David Iben put it well when he said, 'Volatility is not a risk we care about. What we care about is avoiding the permanent loss of capital.' So it might be obvious that you need to consider debt, when you think about how risky any given stock is, because too much debt can sink a company. Importantly, Digicontent Limited (NSE:DGCONTENT) does carry debt. But should shareholders be worried about its use of debt?
Debt is a tool to help businesses grow, but if a business is incapable of paying off its lenders, then it exists at their mercy. In the worst case scenario, a company can go bankrupt if it cannot pay its creditors. However, a more frequent (but still costly) occurrence is where a company must issue shares at bargain-basement prices, permanently diluting shareholders, just to shore up its balance sheet. Of course, debt can be an important tool in businesses, particularly capital heavy businesses. The first thing to do when considering how much debt a business uses is to look at its cash and debt together.
As you can see below, Digicontent had ₹396.3m of debt at September 2025, down from ₹719.9m a year prior. However, because it has a cash reserve of ₹386.2m, its net debt is less, at about ₹10.1m.
According to the last reported balance sheet, Digicontent had liabilities of ₹1.02b due within 12 months, and liabilities of ₹996.0m due beyond 12 months. Offsetting this, it had ₹386.2m in cash and ₹978.6m in receivables that were due within 12 months. So its liabilities outweigh the sum of its cash and (near-term) receivables by ₹647.5m.
Digicontent has a market capitalization of ₹1.75b, so it could very likely raise cash to ameliorate its balance sheet, if the need arose. But we definitely want to keep our eyes open to indications that its debt is bringing too much risk. But either way, Digicontent has virtually no net debt, so it's fair to say it does not have a heavy debt load!
View our latest analysis for Digicontent
We measure a company's debt load relative to its earnings power by looking at its net debt divided by its earnings before interest, tax, depreciation, and amortization (EBITDA) and by calculating how easily its earnings before interest and tax (EBIT) cover its interest expense (interest cover). Thus we consider debt relative to earnings both with and without depreciation and amortization expenses.
Digicontent's net debt to EBITDA ratio is very low, at 0.027, suggesting the debt is only trivial. But EBIT was only 3.7 times the interest expense last year, so the borrowing is clearly weighing on the business somewhat. Unfortunately, Digicontent's EBIT flopped 11% over the last four quarters. If earnings continue to decline at that rate then handling the debt will be more difficult than taking three children under 5 to a fancy pants restaurant.

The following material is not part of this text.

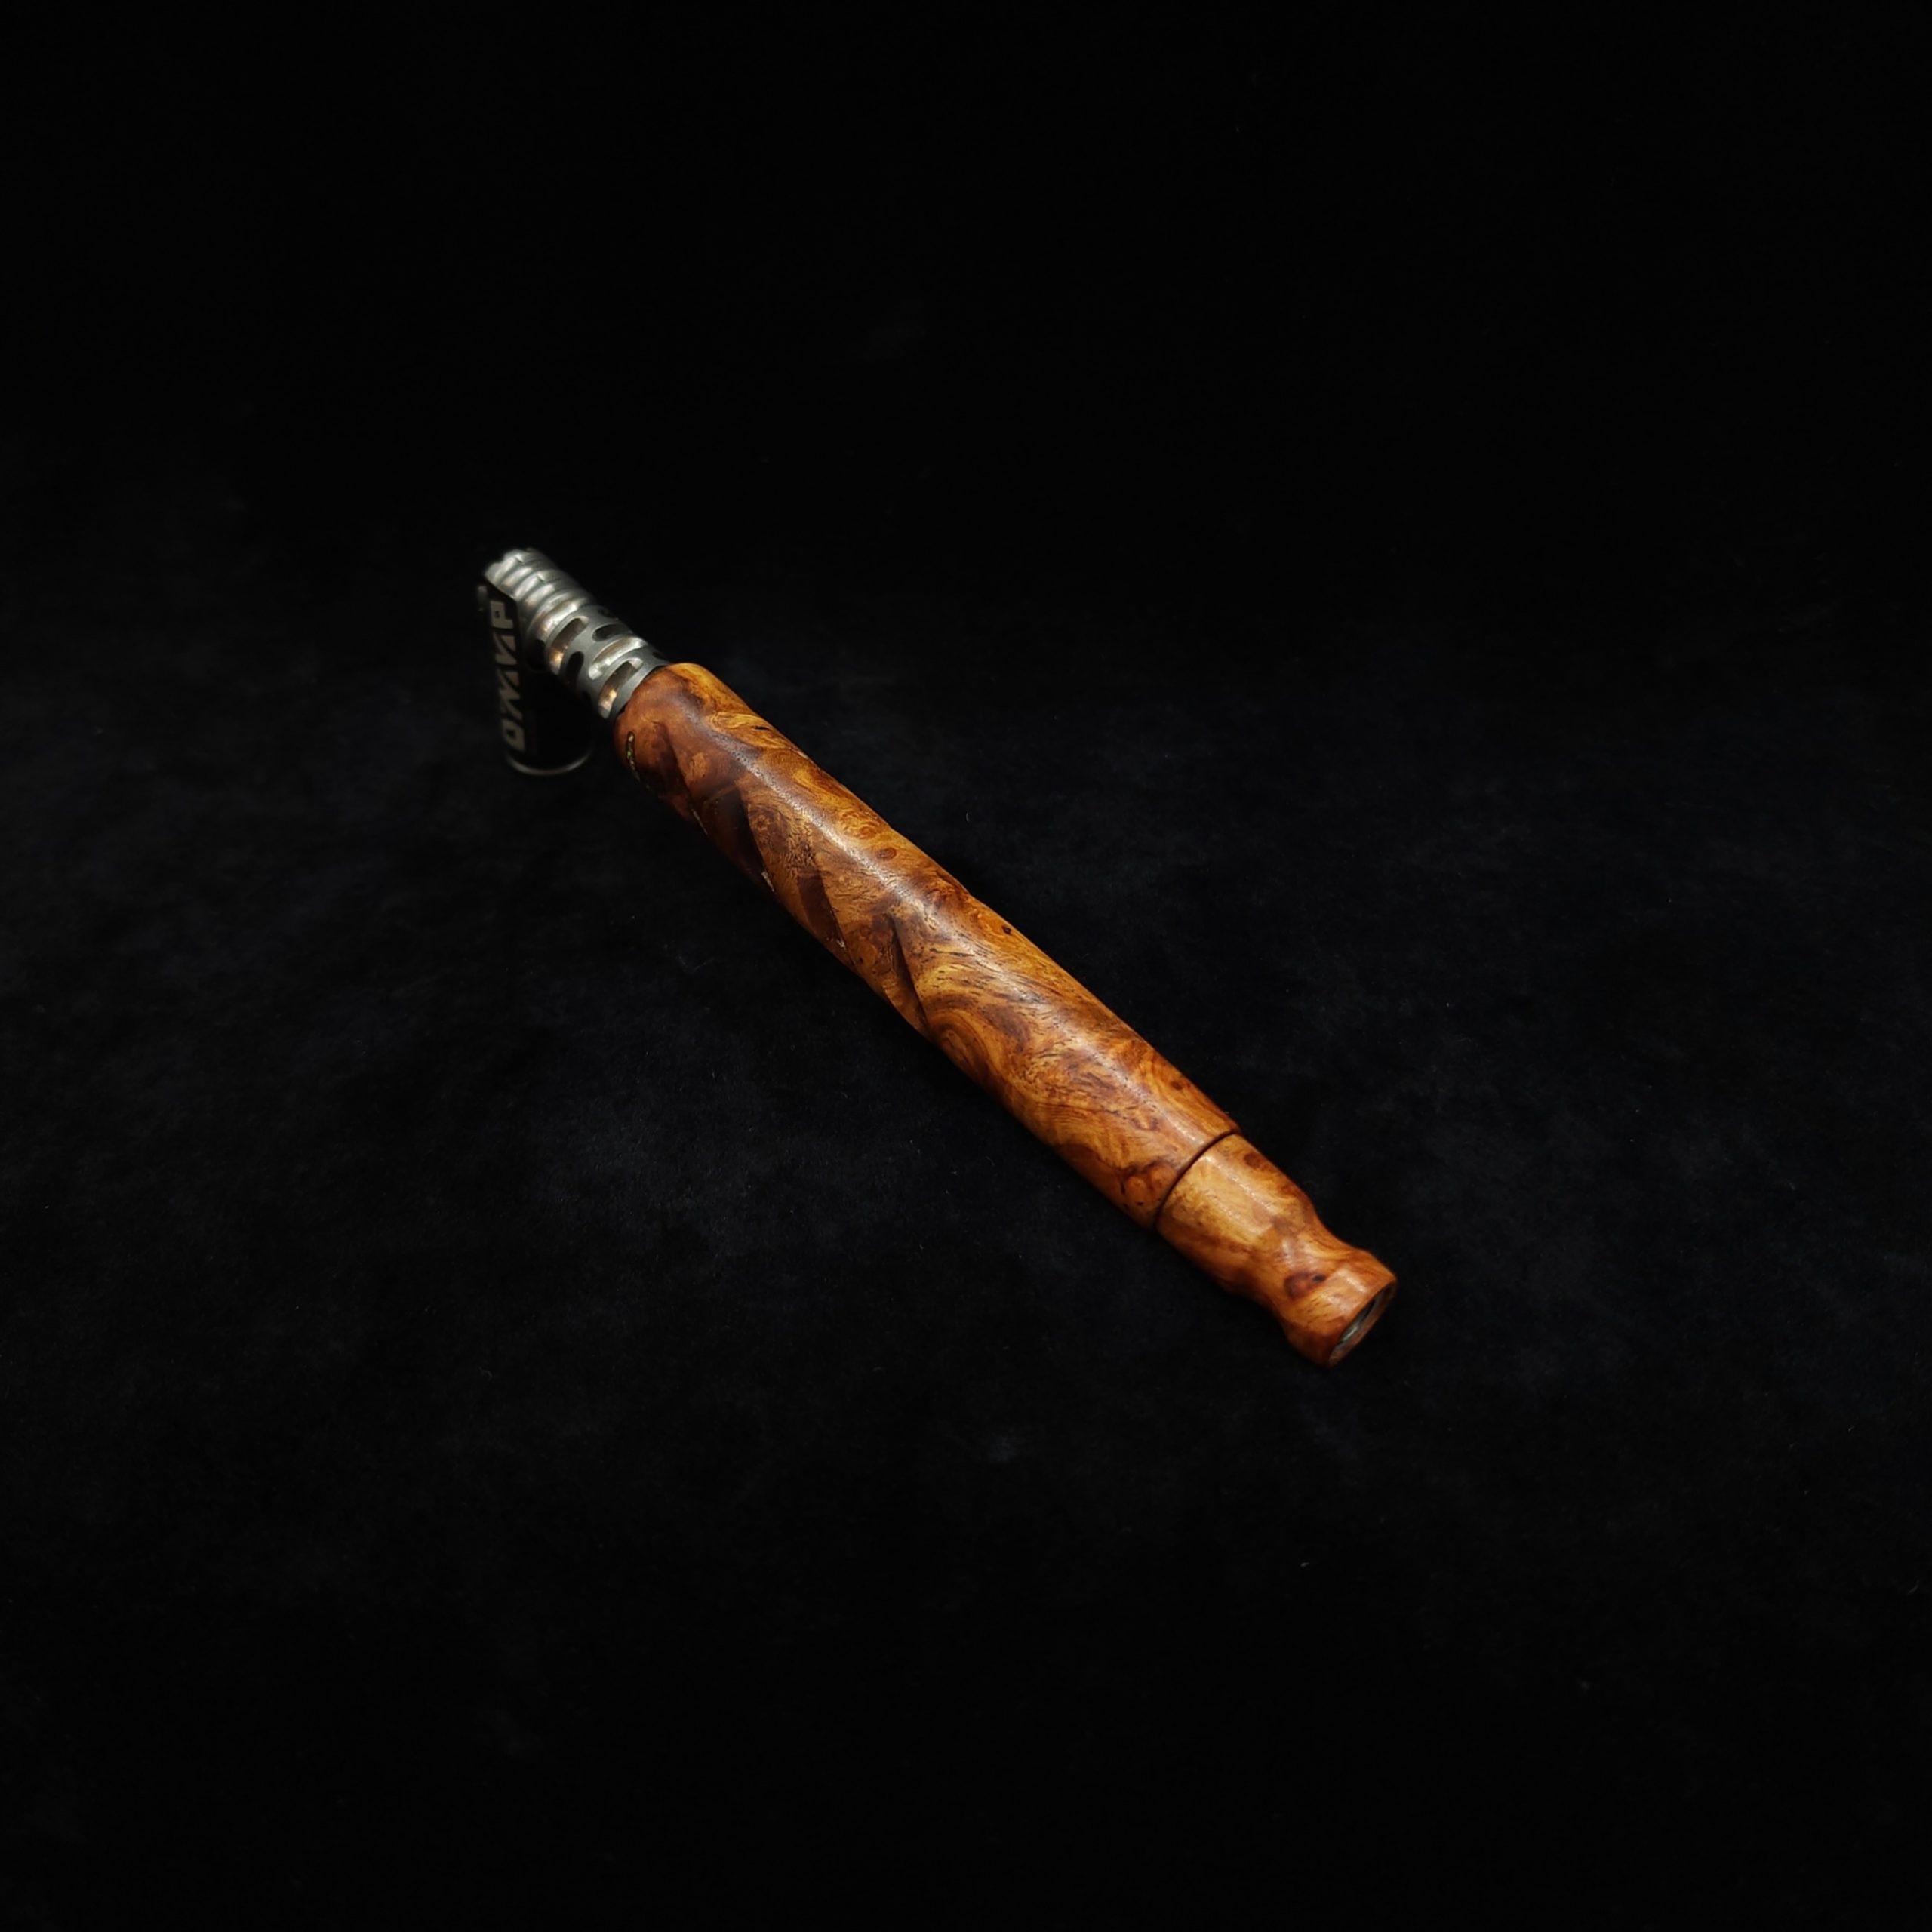 This image portrays Trigonous Hybrid-Eclipse XL Dynavap Stem w/Olive Green Opal Inlays+Mouthpiece by Dovetail Woodwork.

The balance sheet is clearly the area to focus on when you are analysing debt. But you can't view debt in total isolation; since Digicontent will need earnings to service that debt. So if you're keen to discover more about its earnings, it might be worth checking out this graph of its long term earnings trend.
Finally, while the tax-man may adore accounting profits, lenders only accept cold hard cash. So we always check how much of that EBIT is translated into free cash flow. Happily for any shareholders, Digicontent actually produced more free cash flow than EBIT over the last three years. That sort of strong cash conversion gets us as excited as the crowd when the beat drops at a Daft Punk concert.
Digicontent's conversion of EBIT to free cash flow was a real positive on this analysis, as was its net debt to EBITDA. On the other hand, its EBIT growth rate makes us a little less comfortable about its debt. When we consider all the elements mentioned above, it seems to us that Digicontent is managing its debt quite well. Having said that, the load is sufficiently heavy that we would recommend any shareholders keep a close eye on it. The balance sheet is clearly the area to focus on when you are analysing debt. However, not all investment risk resides within the balance sheet - far from it. For example, we've discovered 1 warning sign for Digicontent that you should be aware of before investing here.
If, after all that, you're more interested in a fast growing company with a rock-solid balance sheet, then check out our list of net cash growth stocks without delay.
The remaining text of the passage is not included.